------ INFORMATION ------

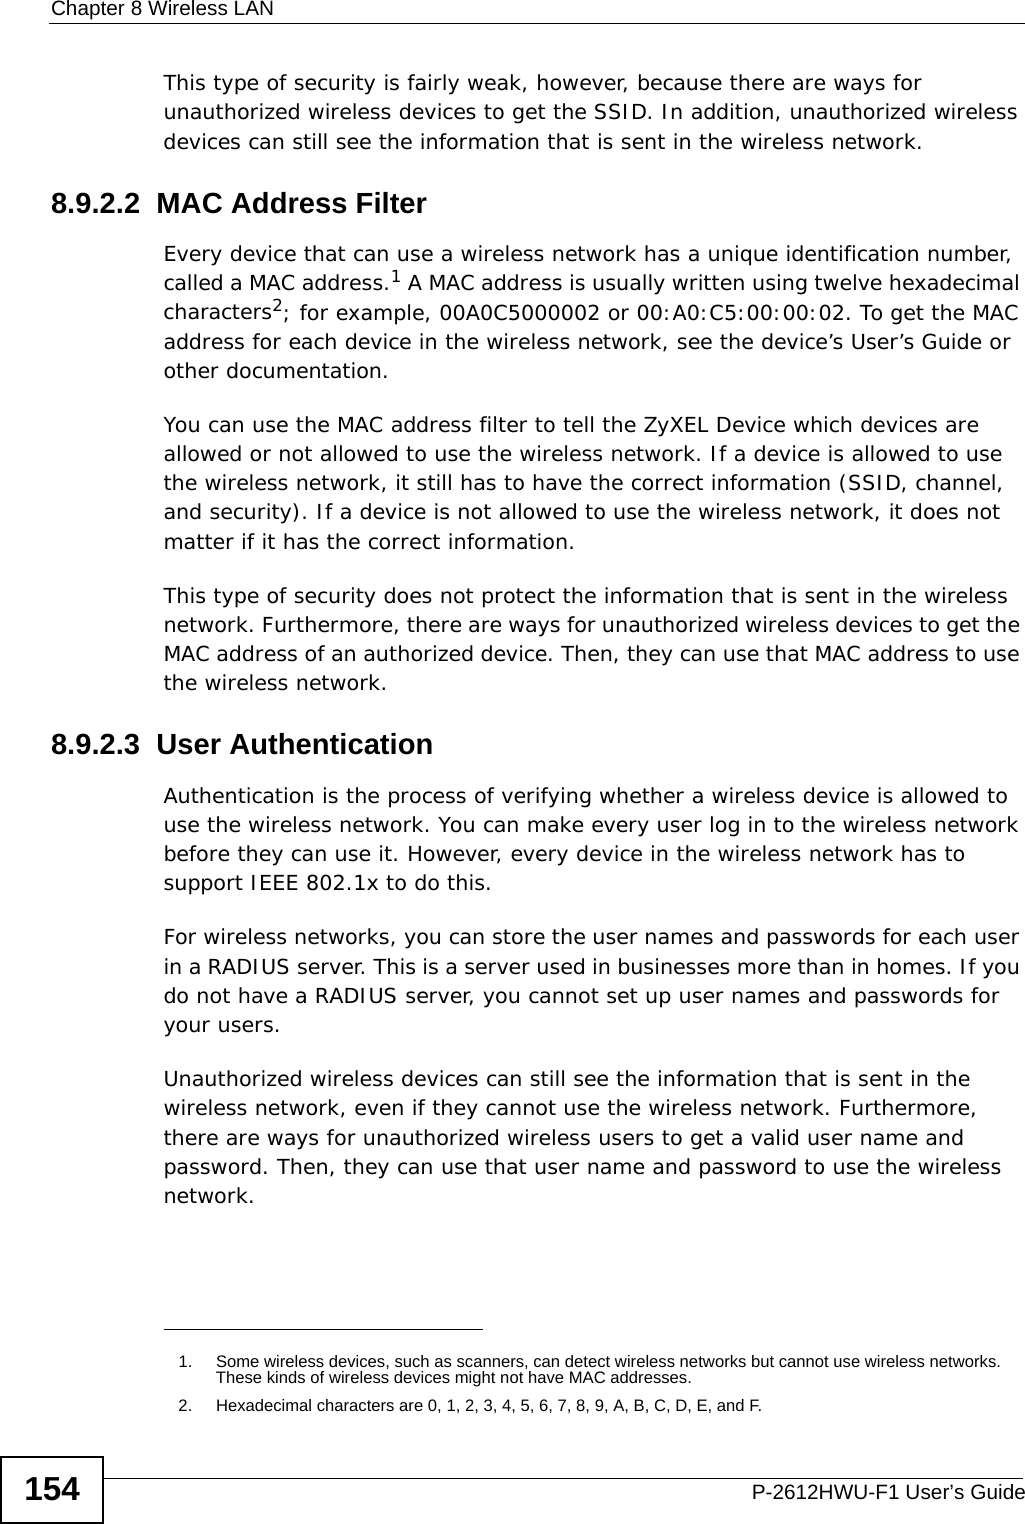 Chapter 8 Wireless LANP-2612HWU-F1 User’s Guide154This type of security is fairly weak, however, because there are ways for unauthorized wireless devices to get the SSID. In addition, unauthorized wireless devices can still see the information that is sent in the wireless network.8.9.2.2  MAC Address FilterEvery device that can use a wireless network has a unique identification number, called a MAC address.1 A MAC address is usually written using twelve hexadecimal characters2; for example, 00A0C5000002 or 00:A0:C5:00:00:02. To get the MAC address for each device in the wireless network, see the device’s User’s Guide or other documentation.You can use the MAC address filter to tell the ZyXEL Device which devices are allowed or not allowed to use the wireless network. If a device is allowed to use the wireless network, it still has to have the correct information (SSID, channel, and security). If a device is not allowed to use the wireless network, it does not matter if it has the correct information.This type of security does not protect the information that is sent in the wireless network. Furthermore, there are ways for unauthorized wireless devices to get the MAC address of an authorized device. Then, they can use that MAC address to use the wireless network.8.9.2.3  User AuthenticationAuthentication is the process of verifying whether a wireless device is allowed to use the wireless network. You can make every user log in to the wireless network before they can use it. However, every device in the wireless network has to support IEEE 802.1x to do this.For wireless networks, you can store the user names and passwords for each user in a RADIUS server. This is a server used in businesses more than in homes. If you do not have a RADIUS server, you cannot set up user names and passwords for your users.Unauthorized wireless devices can still see the information that is sent in the wireless network, even if they cannot use the wireless network. Furthermore, there are ways for unauthorized wireless users to get a valid user name and password. Then, they can use that user name and password to use the wireless network.1. Some wireless devices, such as scanners, can detect wireless networks but cannot use wireless networks. These kinds of wireless devices might not have MAC addresses.2. Hexadecimal characters are 0, 1, 2, 3, 4, 5, 6, 7, 8, 9, A, B, C, D, E, and F.
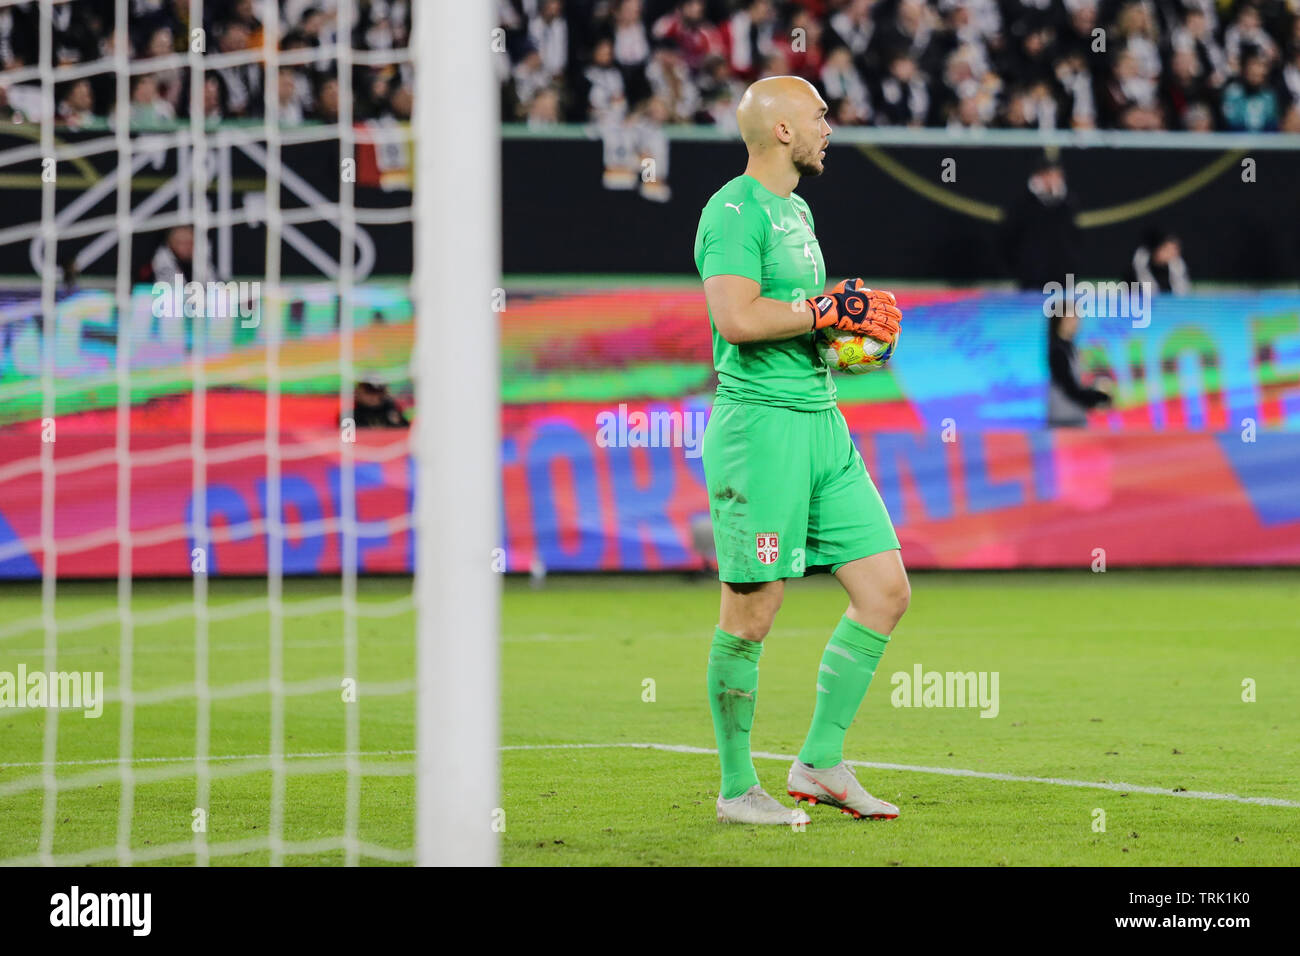 Wolfsburg, Germany, March 20, 2019: Serbia national team goalkeeper, Marko Dmitrovic, in action during the soccer game between Germany and Serbia Stock Photo
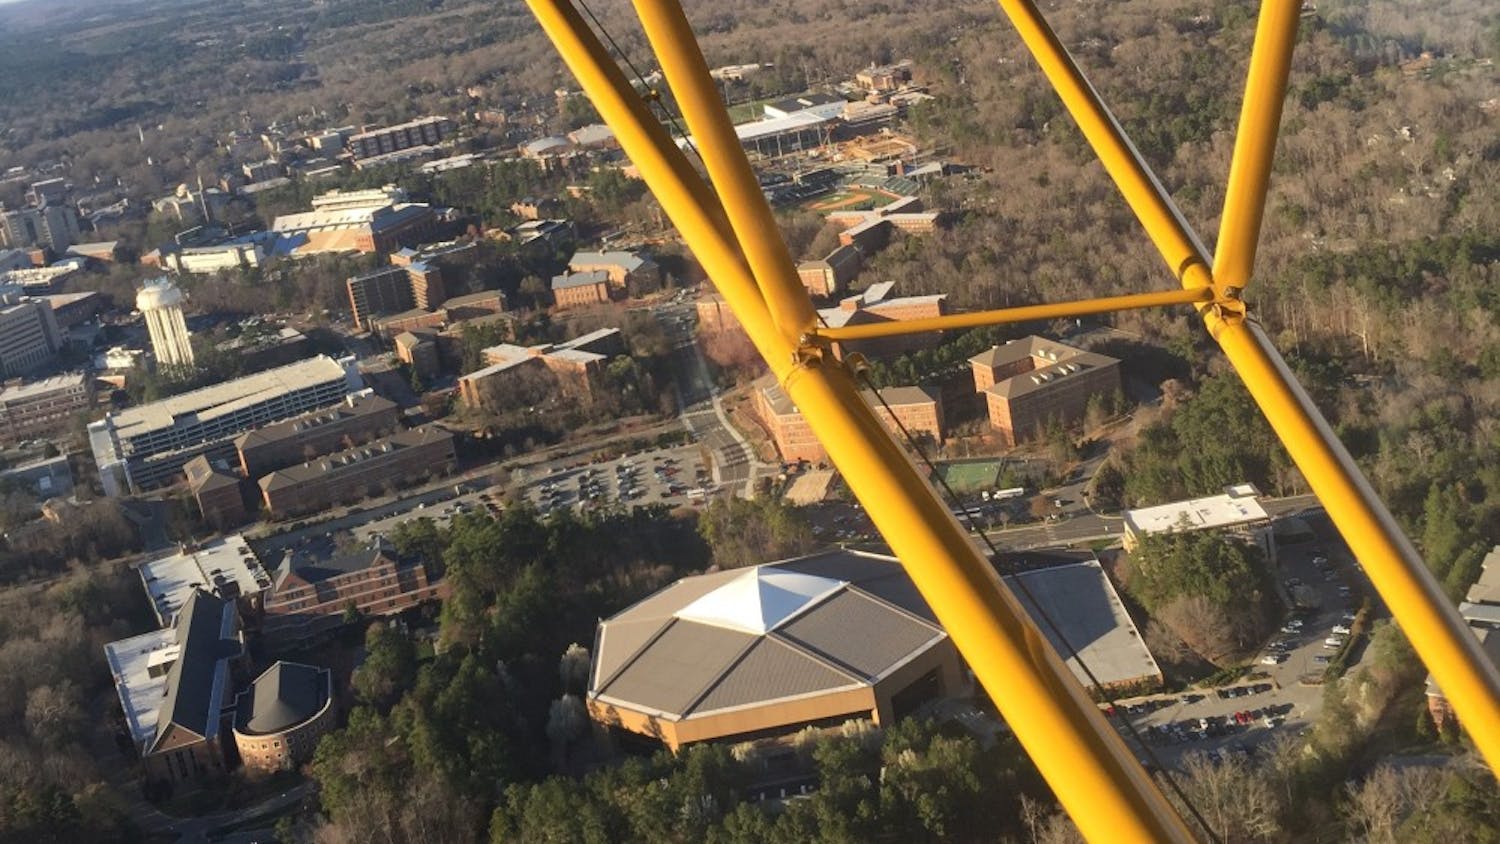 A view of the Dean Dome and South Campus is seen from the Piper Cub.
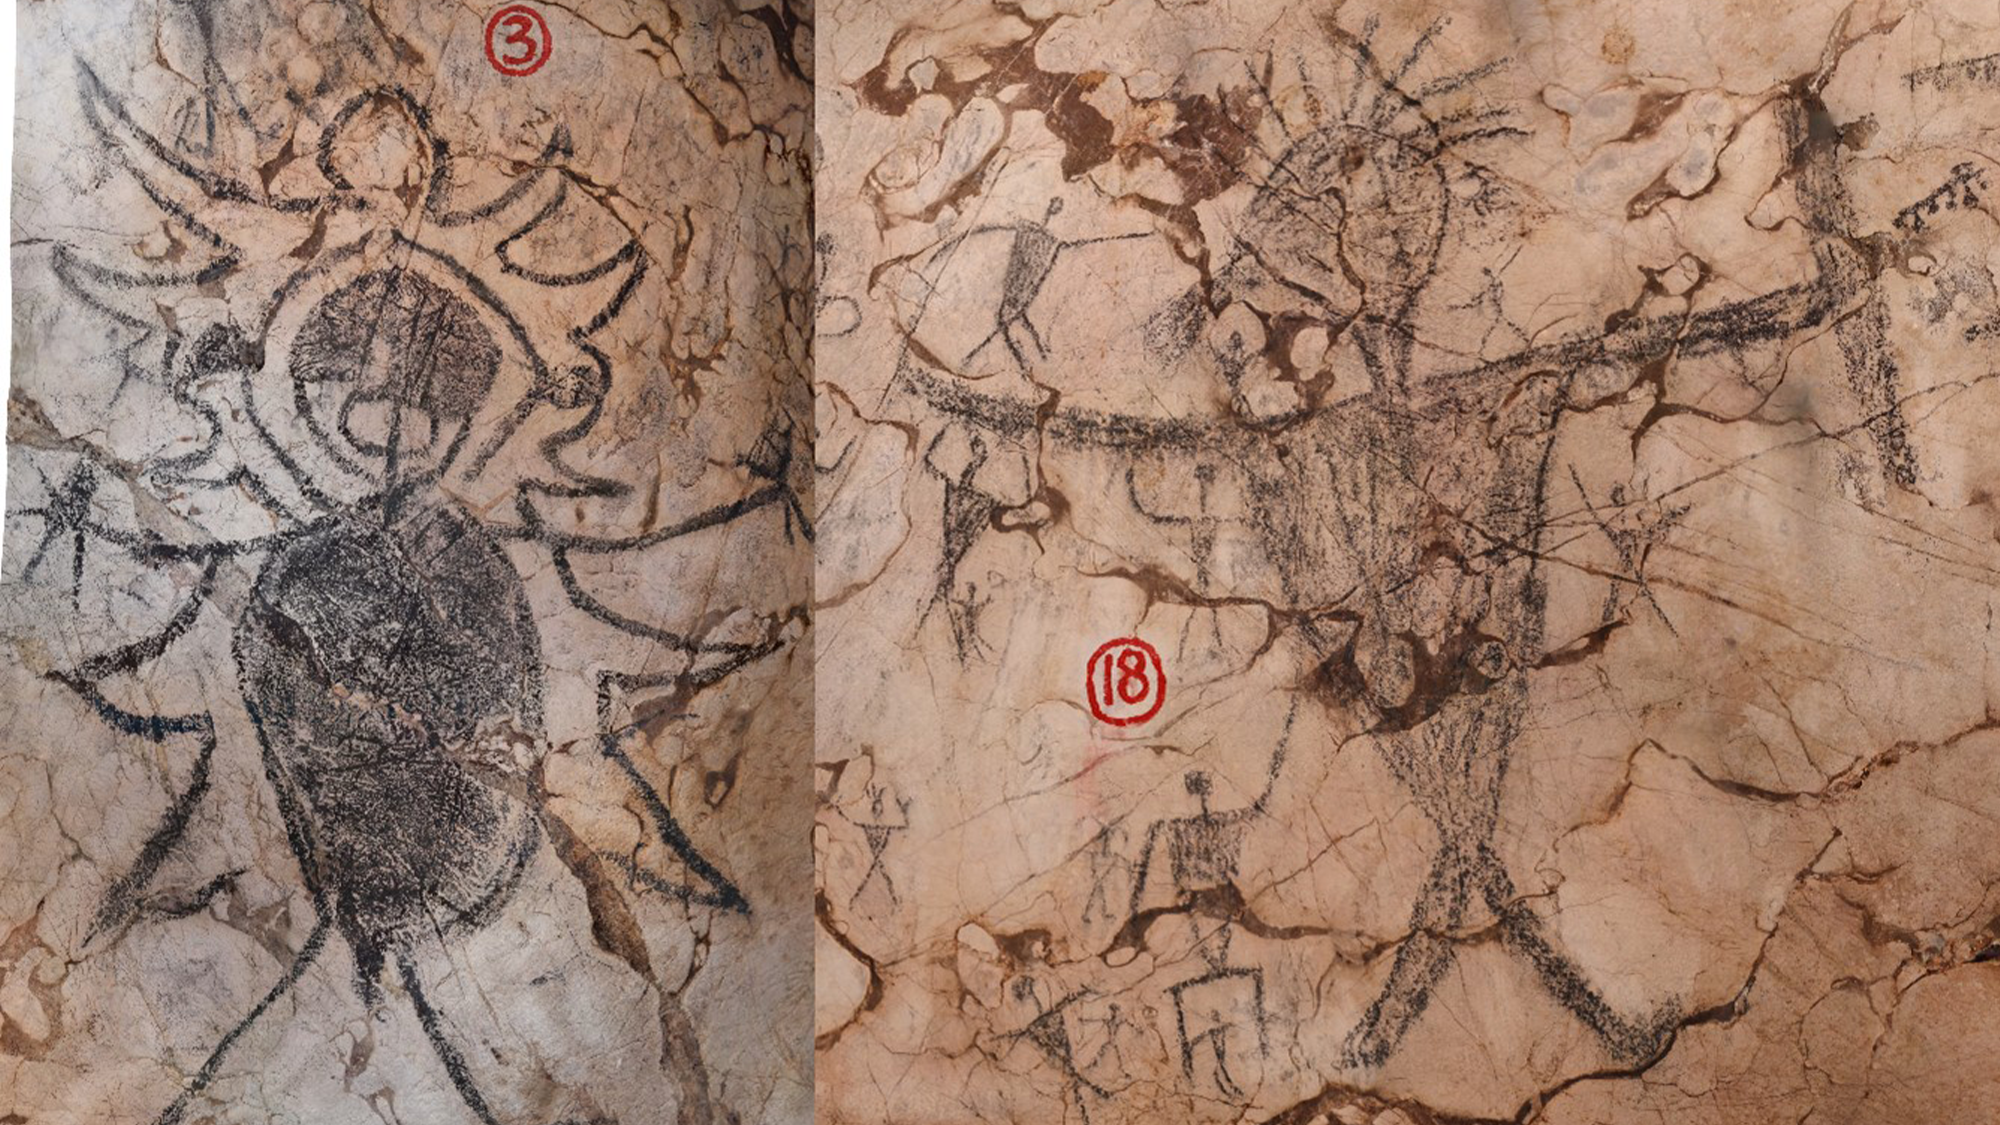 Newly dated cave art tells a dark story in Borneo’s history
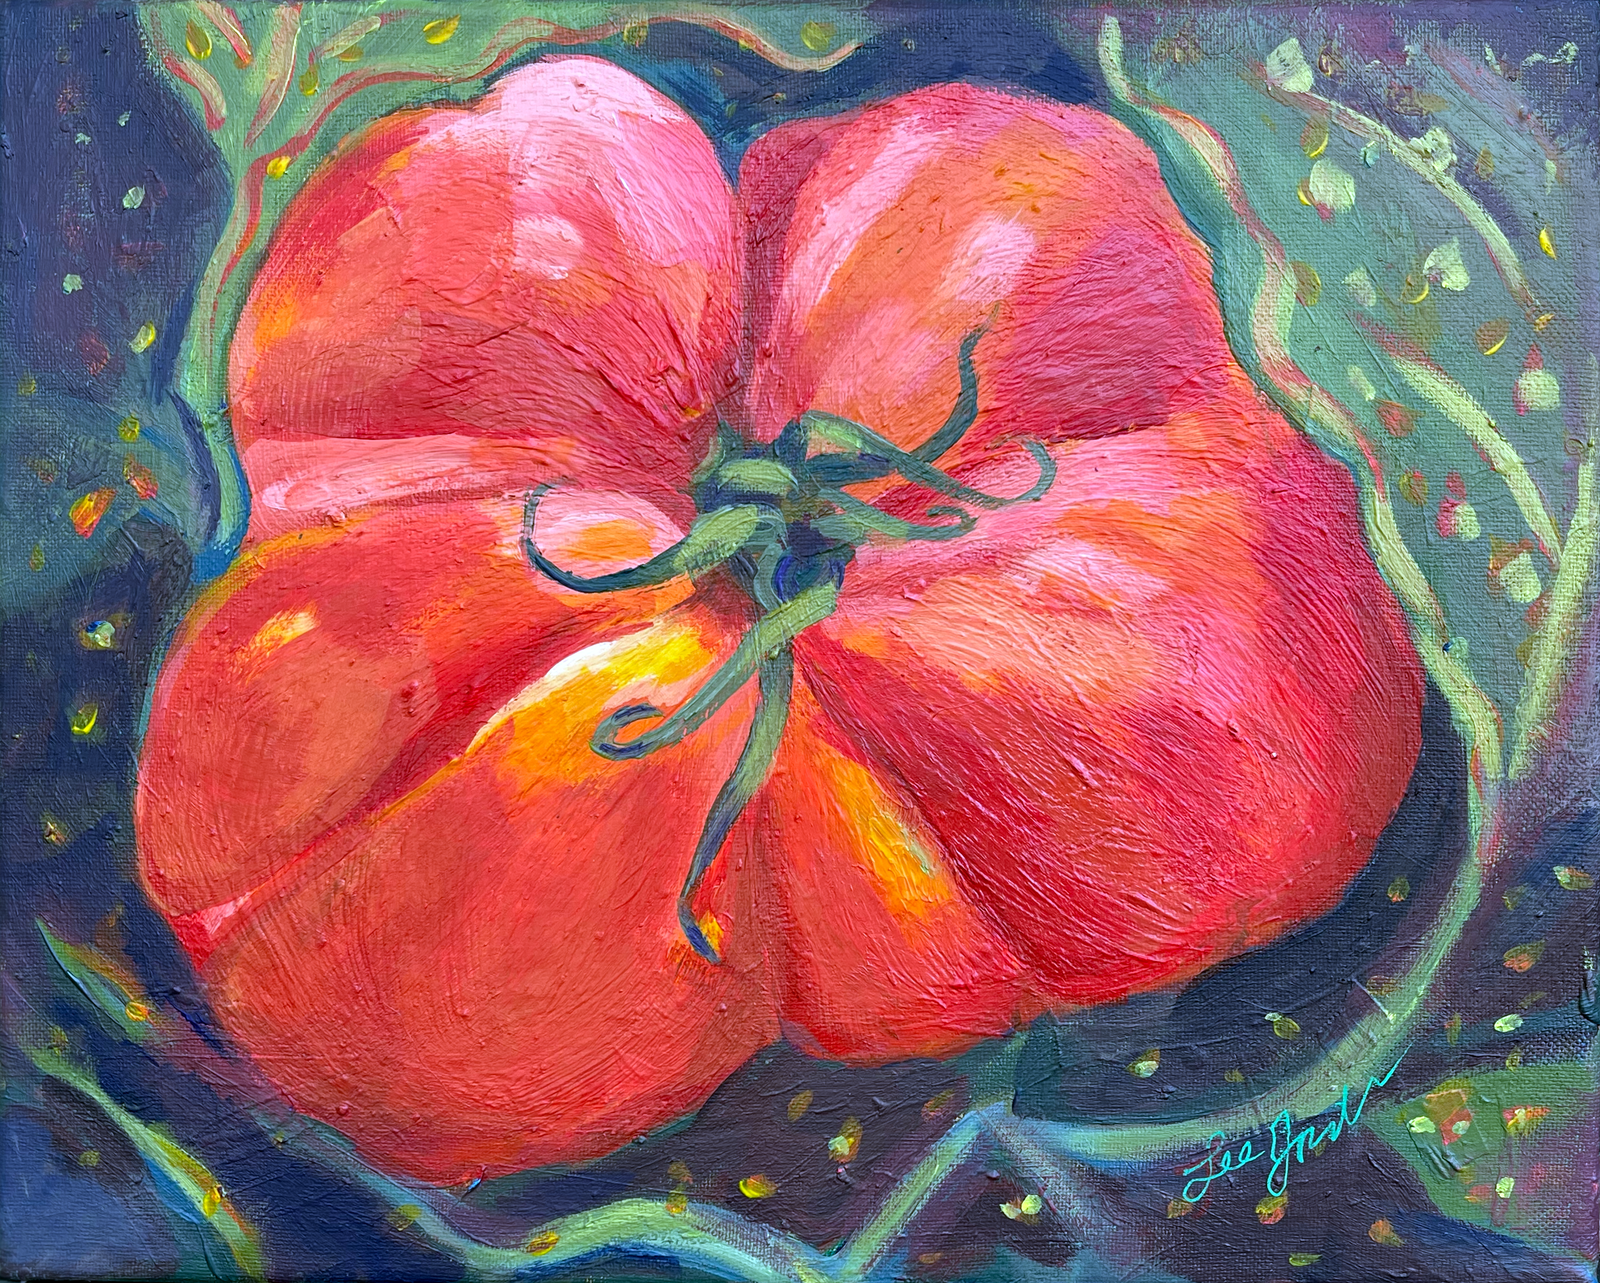 Juicy Bumps Heirloom Tomato #1, still life of a tomato painting, red with green vines

------

- WORK TO COMPLETE -
Please retype, exactly and only, the lines from the one holding "A view of the" to the end of the entries, both ends included, without any pictures.

- WORKED SOLUTION -
 A view of the Dean Dome and South Campus is seen from the Piper Cub.
 Newly dated cave art tells a dark story in Borneo’s history
 Juicy Bumps Heirloom Tomato #1, still life of a tomato painting, red with green vines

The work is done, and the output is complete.